Nesta perspectiva, consideramos uma pessoa matematicamente alfabetizada, aquela capaz de ler números, resolver problemas simples envolvendo as operações básicas de matemática, que compreende e estabelece relações entre as operações, mesmo que utilizando de calculadoras ou demais ferramentas tecnológicas (INAF, 2006). Ressaltamos que os “problemas” matemáticos a que nos referimos, embora especificados como “simples”, não os limita em ser do tipo “arme e efetue”, por exemplo.
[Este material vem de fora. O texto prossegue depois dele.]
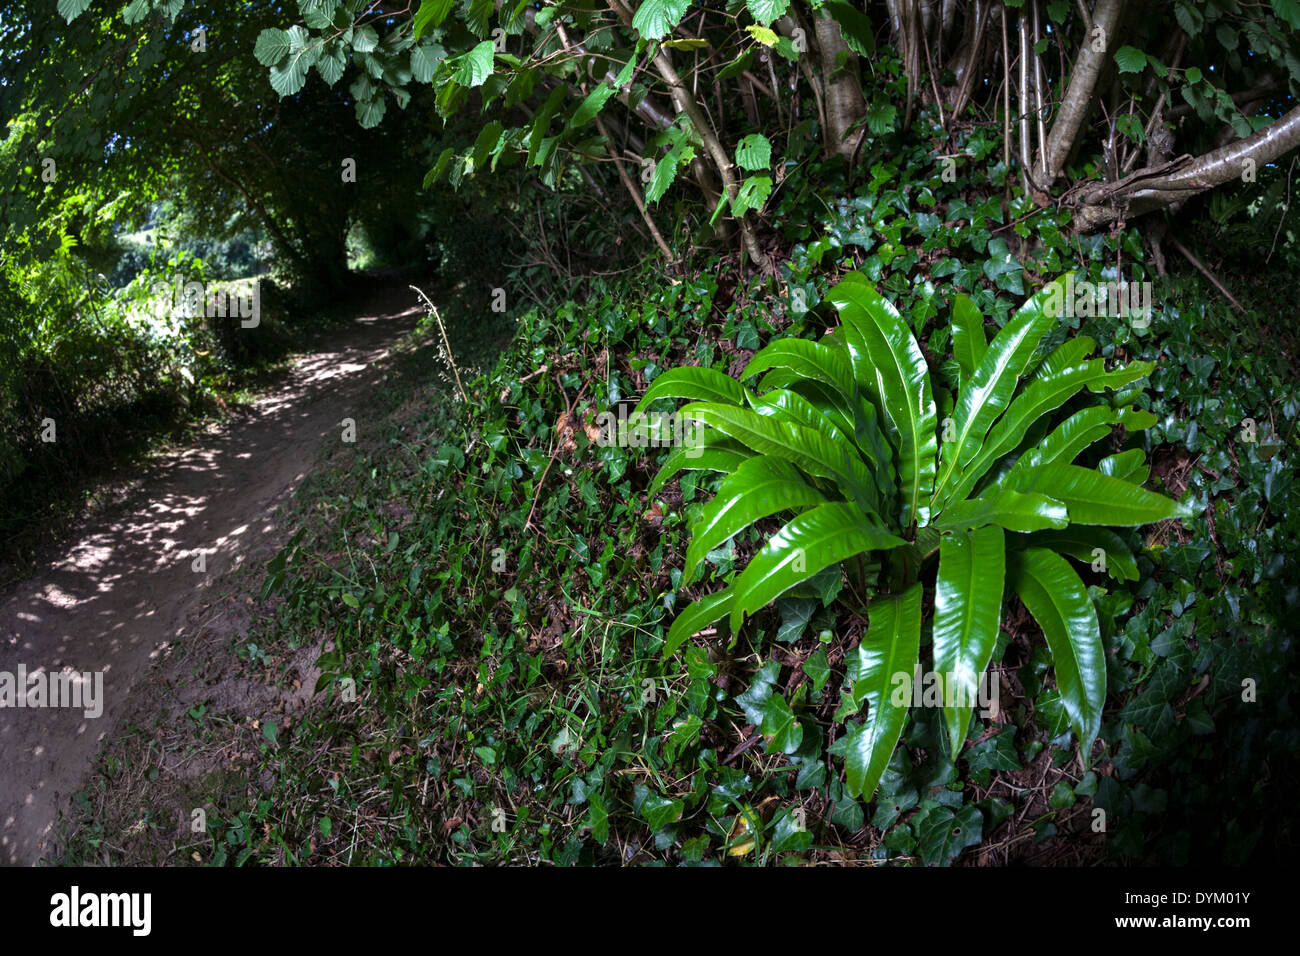 La hart-lingua (felci Asplenium scolopendrium), visto nella piegatura in una strada forestale (Bretagna - Francia). Harts linguetta fern Foto Stock

Mas os que, contextualizados à realidade dos estudantes, os estimule a pensar, formular hipóteses, comprovar resultados, justificando- os a partir de seus entendimentos. Compreendemos que a ação do estudante em mobilizar essas capacidades também reflete da forma como o professor de matemática entende sua prática pedagógica, estabelece aproximações ou não, entre conteúdos curriculares e os saberes oriundos das vivências dos estudantes. Analisamos que a não aproximação ocorre, em geral, pelo fato de haver, nos espaços de ensino, relações de poder que influenciam na definição dos conteúdos escolares e na forma com que estes devem ser apresentados aos estudantes.
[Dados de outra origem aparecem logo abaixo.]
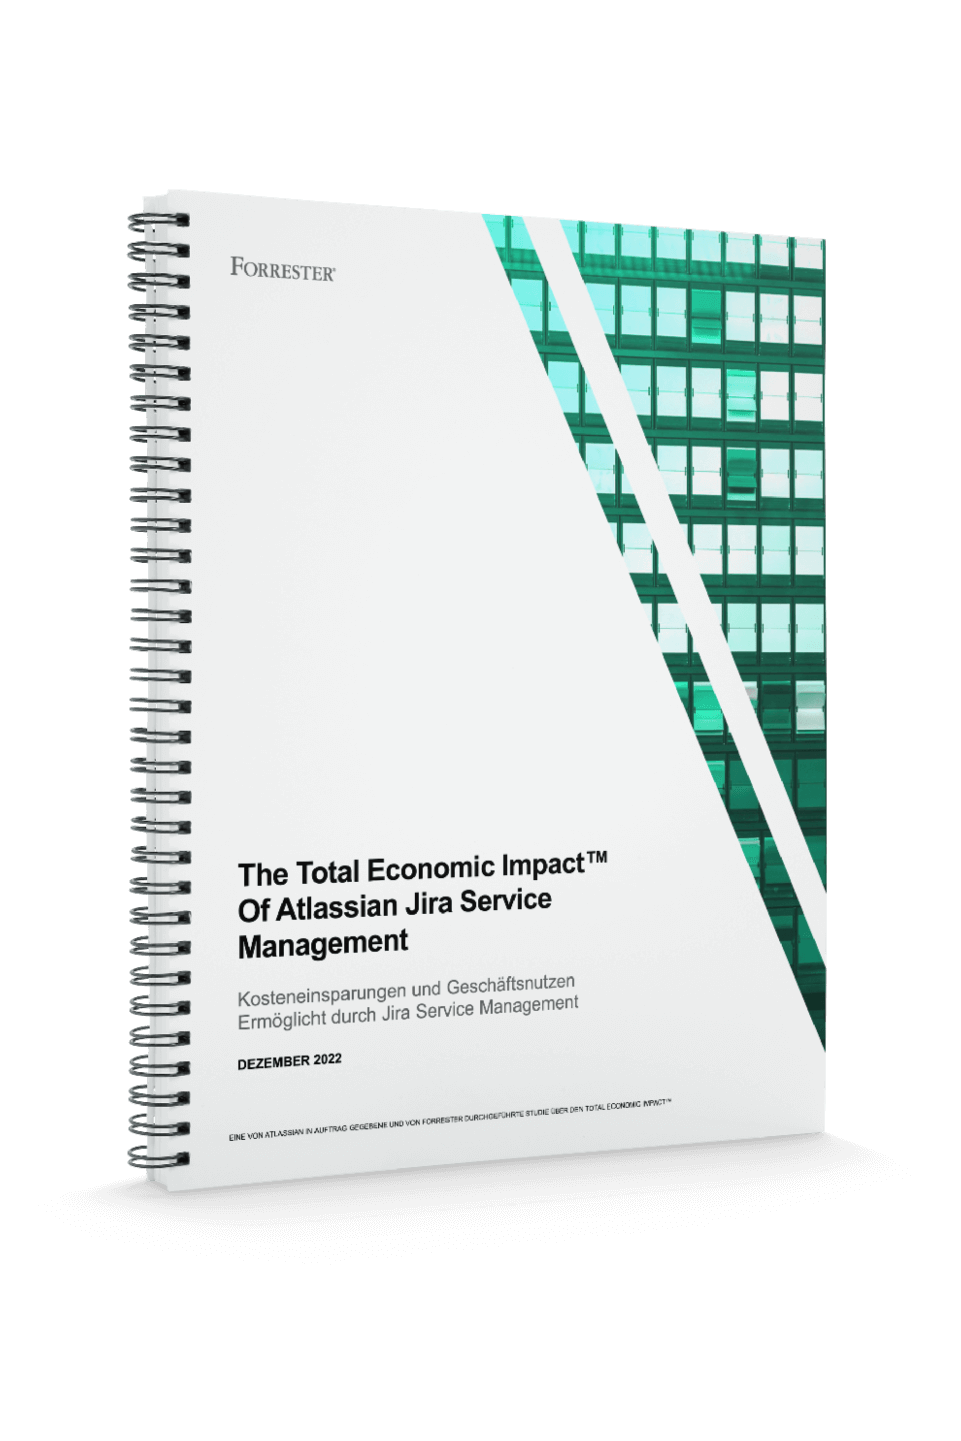 PDF-Vorschau von "The Total Economic Impact™ Of Atlassian For ITSM"

Entendemos que a articulação entre conteúdos curriculares e sabres dos estudantes contribui para que estes tenham uma significativa alfabetização matemática, bem como desenvolvam suas habilidades matemáticas, aqui entendidas como “a capacidade de mobilizar conhecimentos associados à quantificação, à ordenação, à orientação, e também sobre suas relações, operações e representações, aplicados à resolução de problemas cotidianos” (INAF, 2004, p. 5).
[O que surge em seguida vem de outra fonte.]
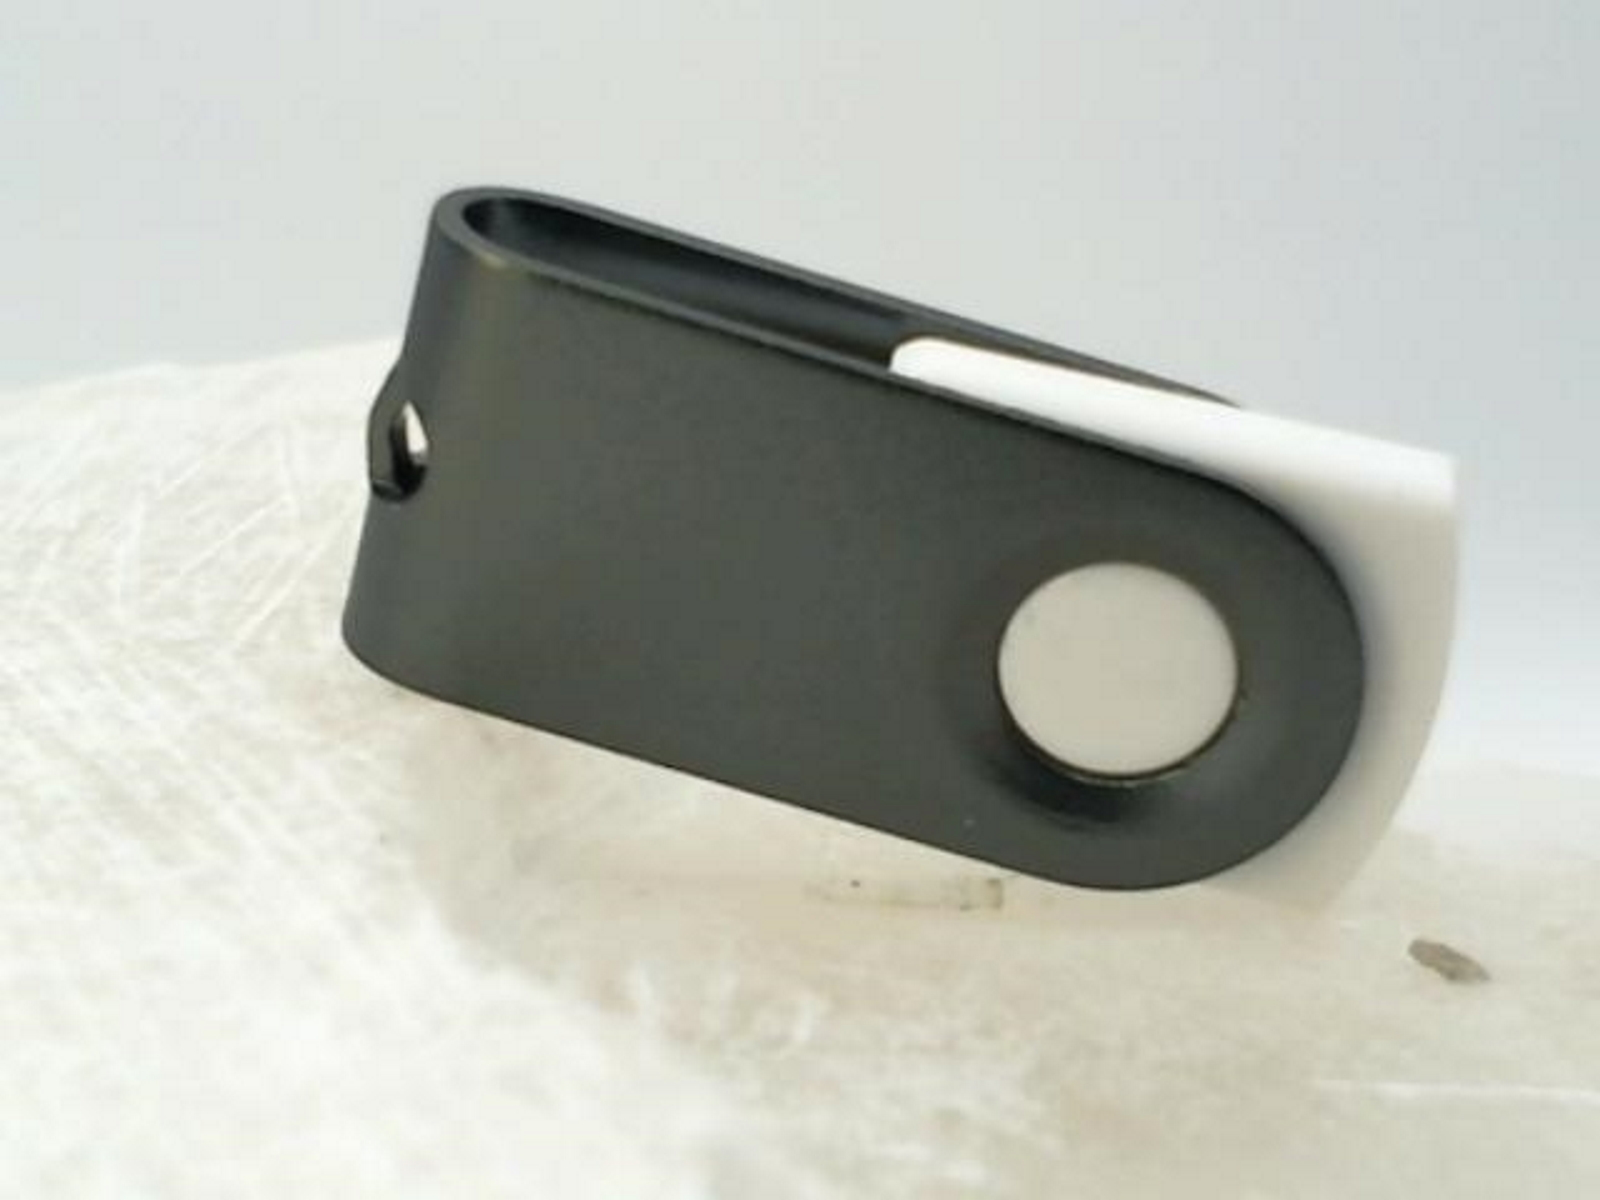 MINI-SWIVEL GERMANY (Weiß-Graumetall, USB-Stick USB ® GB) 8

Neste sentido, uma alfabetização matemática para jovens e adultos não pode ser limitada à compreensão de aprendizagem como a aquisição do saber conteudista, tampouco de uma “ajuda”, uma ação assistencialista, “na qual os sujeitos-alfabetizandos precisam de alguém para sair das trevas” (SENA e DE SOUSA, 2013, p. 131) e que o professor, na condição de alfabetizado, seria o alguém que possibilitaria esta saída. Mas sob uma perspectiva de ser uma ação em que o professor se reconheça como sujeito capaz de ofertar um ensino de qualidade possibilitando uma aprendizagem que considere os aspetos humanos e sociais dos estudantes. Dessa maneira, acreditamos que o entendimento do professor sobre a EJA e os estudantes, incide sobre sua compreensão de alfabetização matemática: esta pode ser compreendida como a ação de ensinar apenas a somar, subtrair, multiplicar e dividir (FERREIRA e FONSECA, 2008), se o professor limita-se a compreender a EJA sob sua função apenas de possibilitar o acesso à escola de pessoas, em geral, da classe popular ou carente de conhecimentos escolar. Se, para além desta função o professor reconheça que à EJA cabe ofertar um ensino de qualidade aos estudantes, entendidos estes como sujeitos que têm direito à educação e são capazes de articular formas variadas de entendimentos, artimanhas próprias na resolução de situações que envolvam a matemática, espera-se que seu entendimento de alfabetização matemática seja para além das operações matemáticas.

Com isso, compreendemos que alfabetizar matematicamente uma pessoa é também dar-lhe oportunidade de reconhecer que os saberes matemáticos experienciados em suas vivências juntamente com os conhecimentos da matemática escolar têm, cada um, suas importâncias e valorização social. Reconhecendo existir uma tensão entre “conhecimentos cotidianos” e “conhecimento mais formal” (FERREIRA e FONSECA, 2008, p. 11) nos espaços escolares, acreditamos que os professores, quando em suas práticas em sala de aula, precisam considerar a relevância de ambos para a formação dos estudantes.

Por fim, enfatizamos que a alfabetização matemática dos estudantes da EJA, assim como a alfabetização da língua materna, não pode ser infantilizada, pois, os estudantes trazem de seus percursos de vida, saberes matemáticos que se aproximam ao apresentado na escola.